• **PROBLEM TO SOLVE**
Reproduce the listing in full, pictures excluded.

• **INPUT DATA**
#####

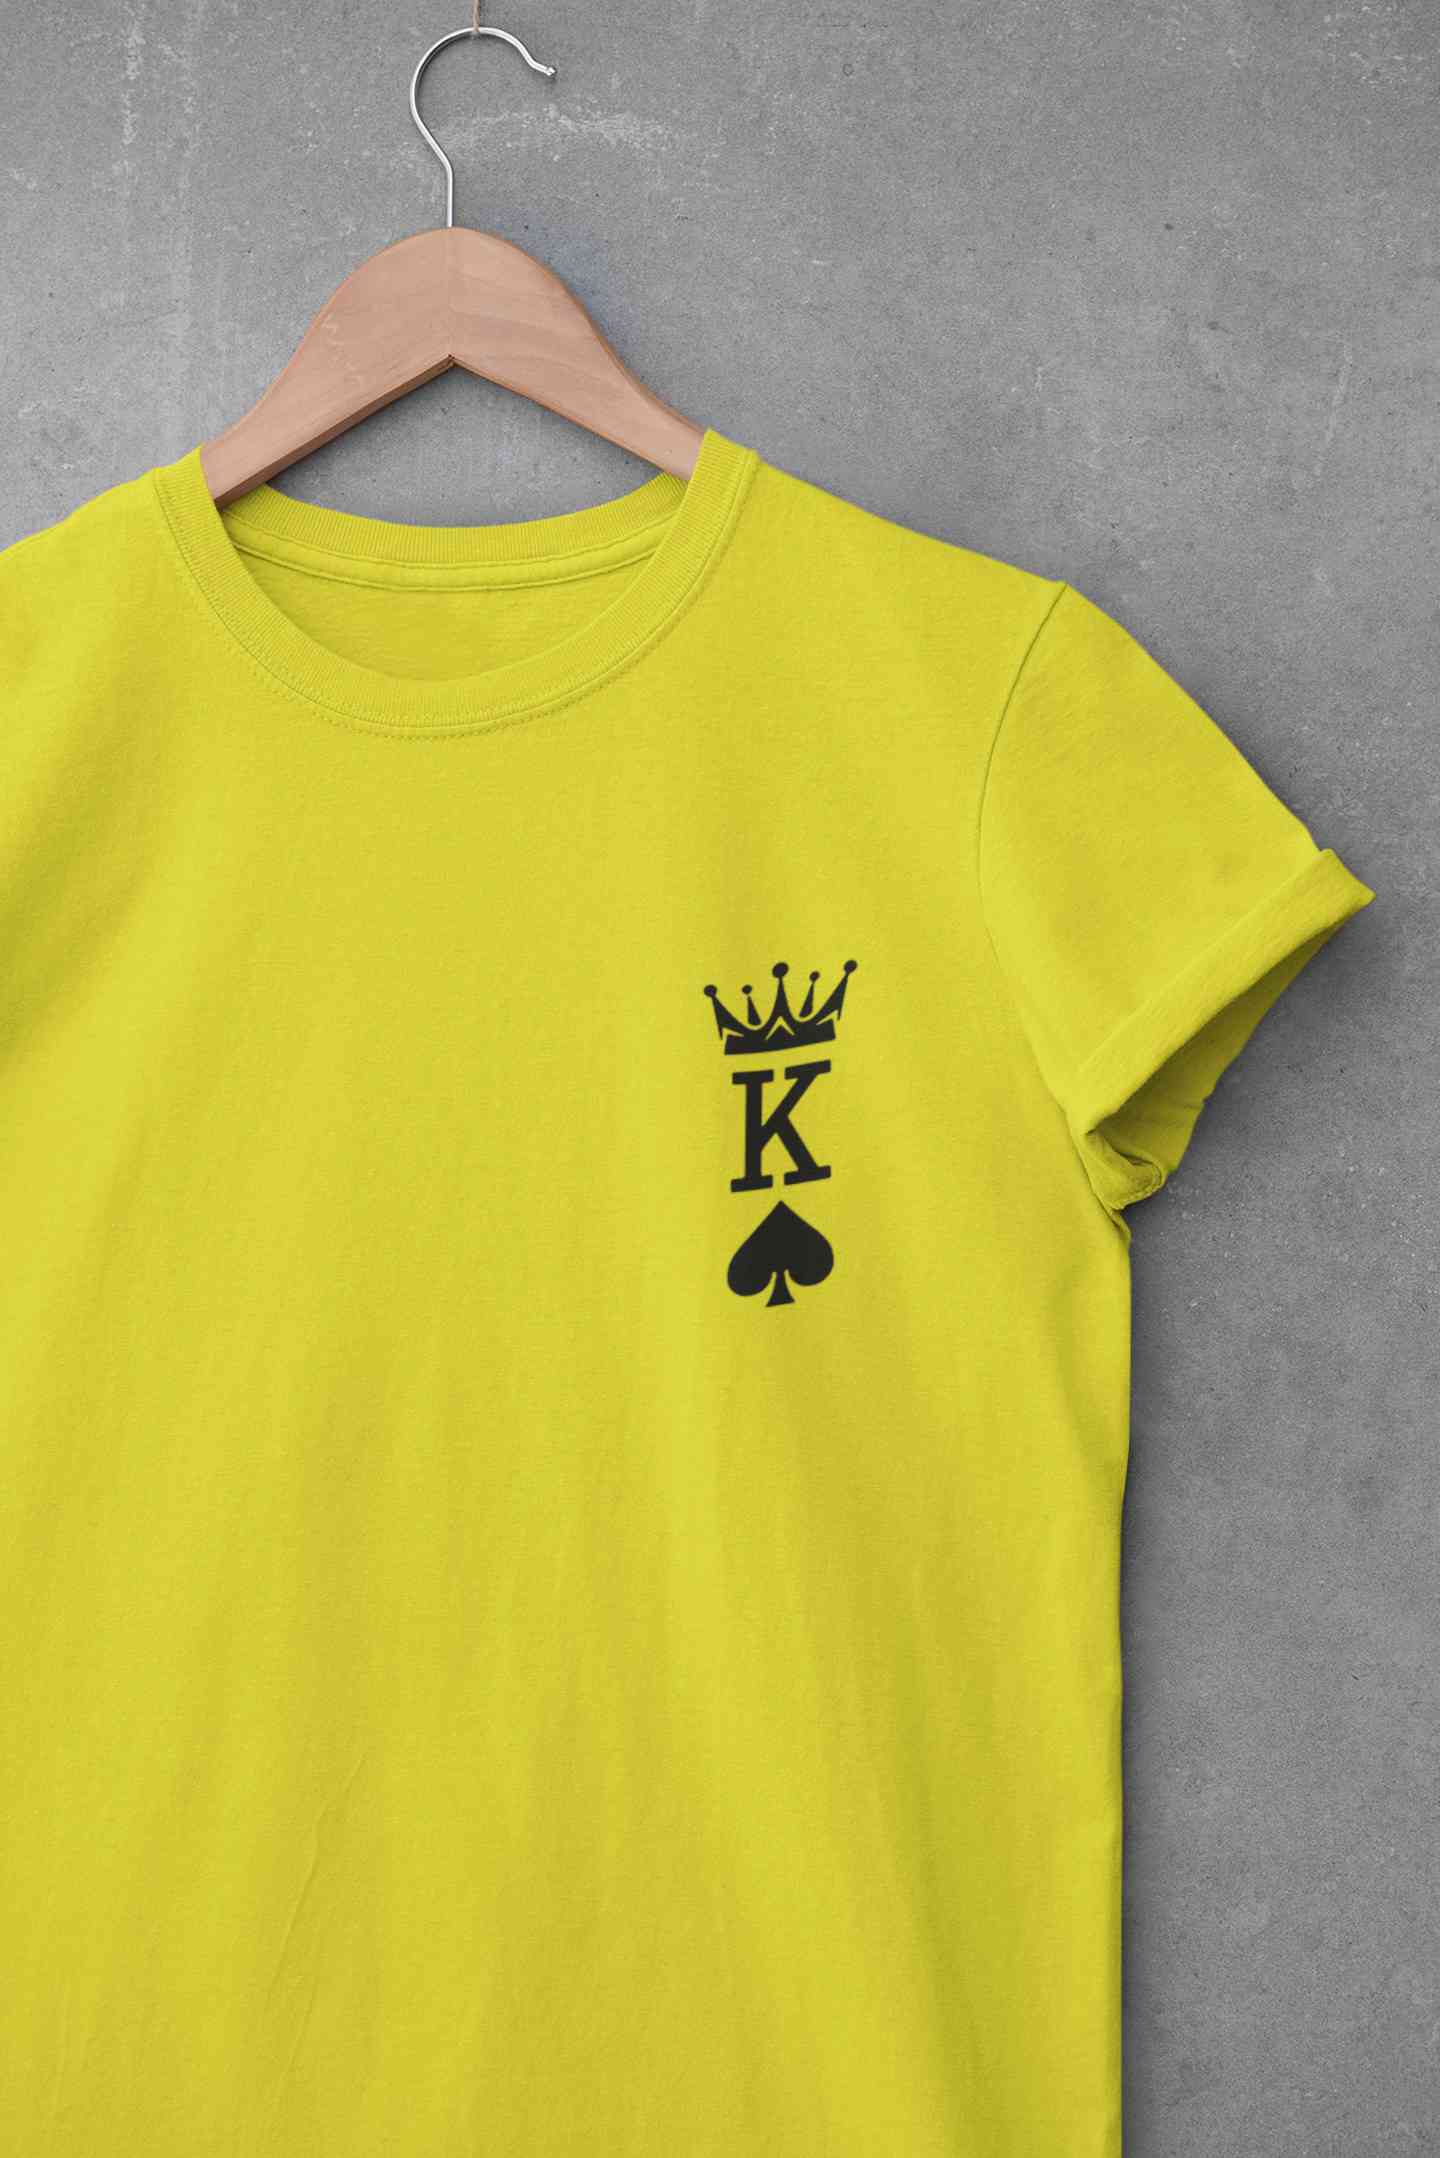 Herren Krone King Of Spades Poker Side Pocket Mens Half Sleeves T-shirt- FunkyTeesClub
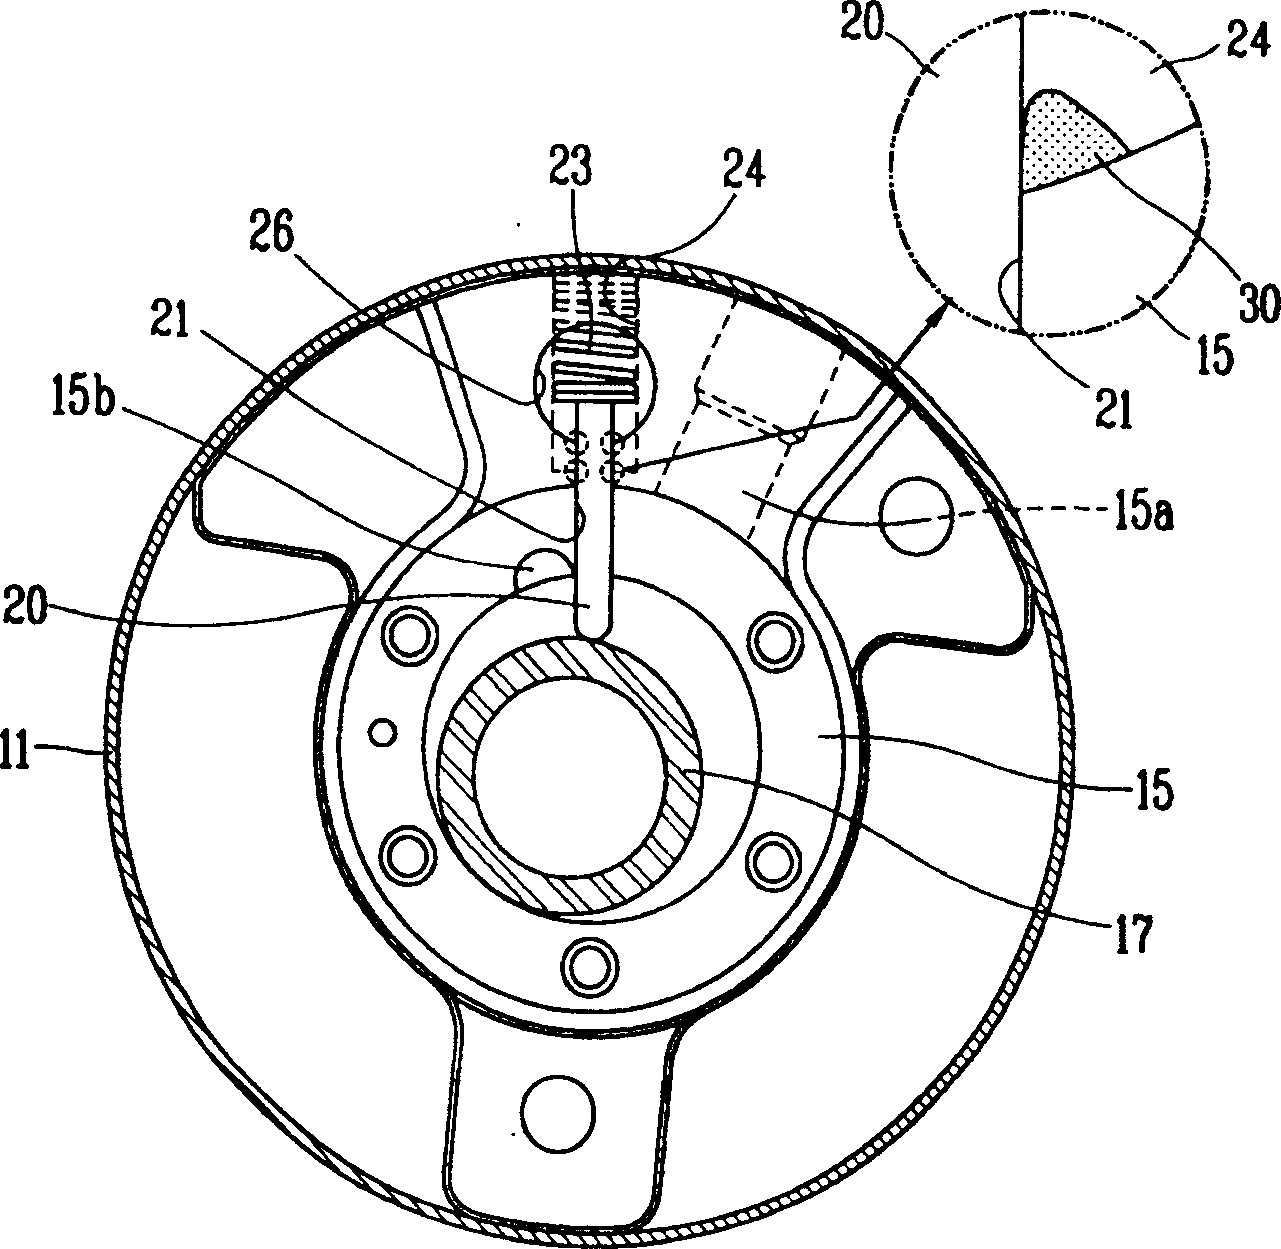 Blade spring arrangement of rotary compressor
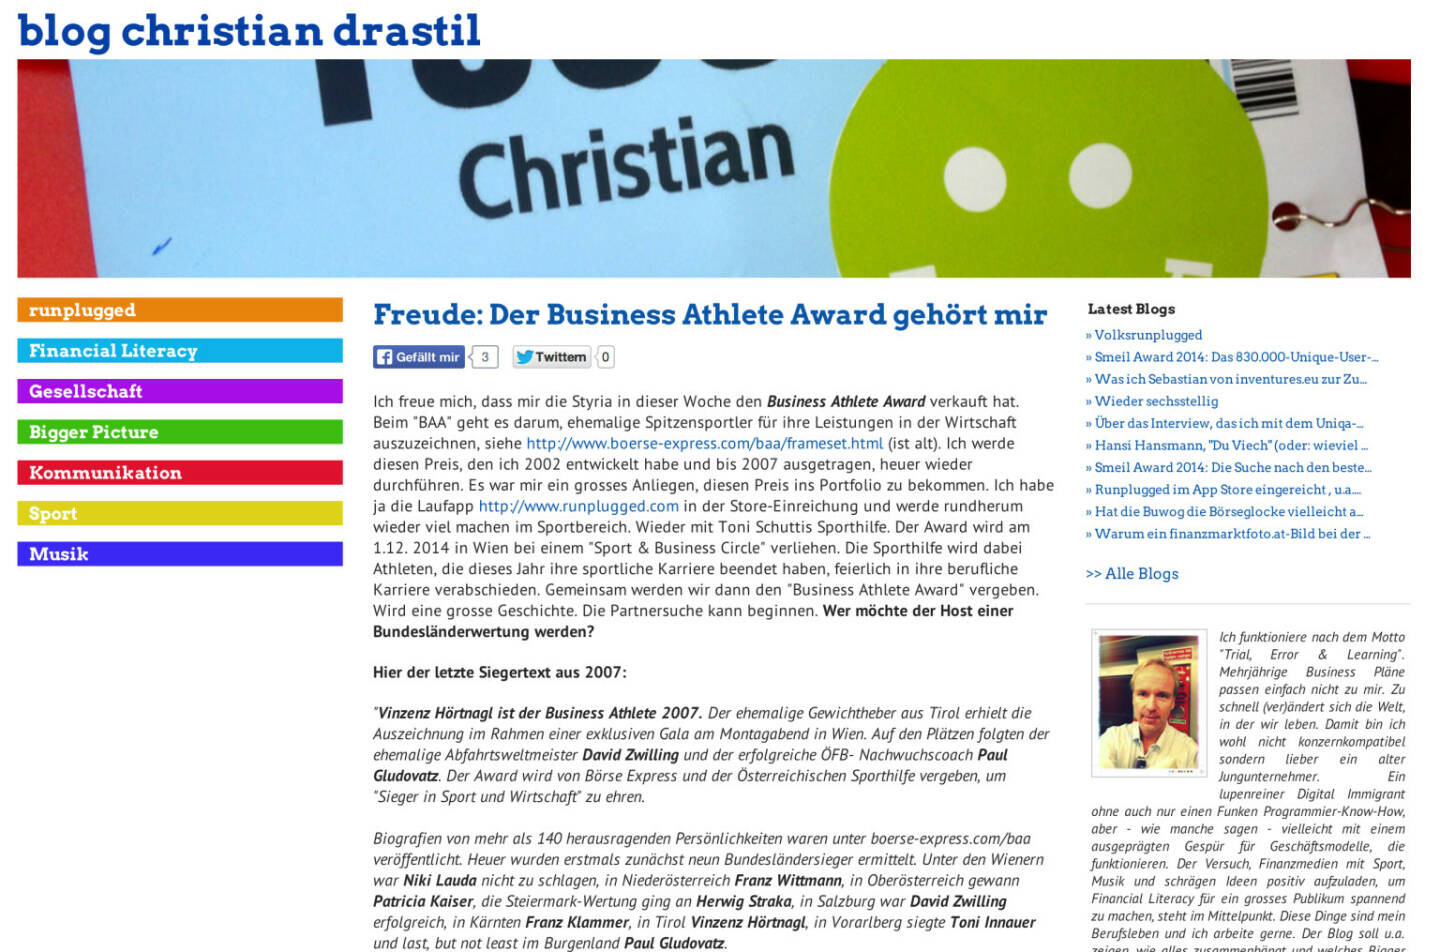 Ausblick: Am 1.12. wird mit der Sporthilfe der Runplugged Business Athlete Award an ehemalige Spitzensportler, die jetzt in der Wirtschaft erfolgreich sind, vergeben - http://www.christian-drastil.com/blog/2014/04/25/freude_der_business_athlete_award_gehort_mir

#####

• **RESPONSE BELOW**
 Herren Krone King Of Spades Poker Side Pocket Mens Half Sleeves T-shirt- FunkyTeesClub
 Blade spring arrangement of rotary compressor
 Ausblick: Am 1.12. wird mit der Sporthilfe der Runplugged Business Athlete Award an ehemalige Spitzensportler, die jetzt in der Wirtschaft erfolgreich sind, vergeben - http://www.christian-drastil.com/blog/2014/04/25/freude_der_business_athlete_award_gehort_mir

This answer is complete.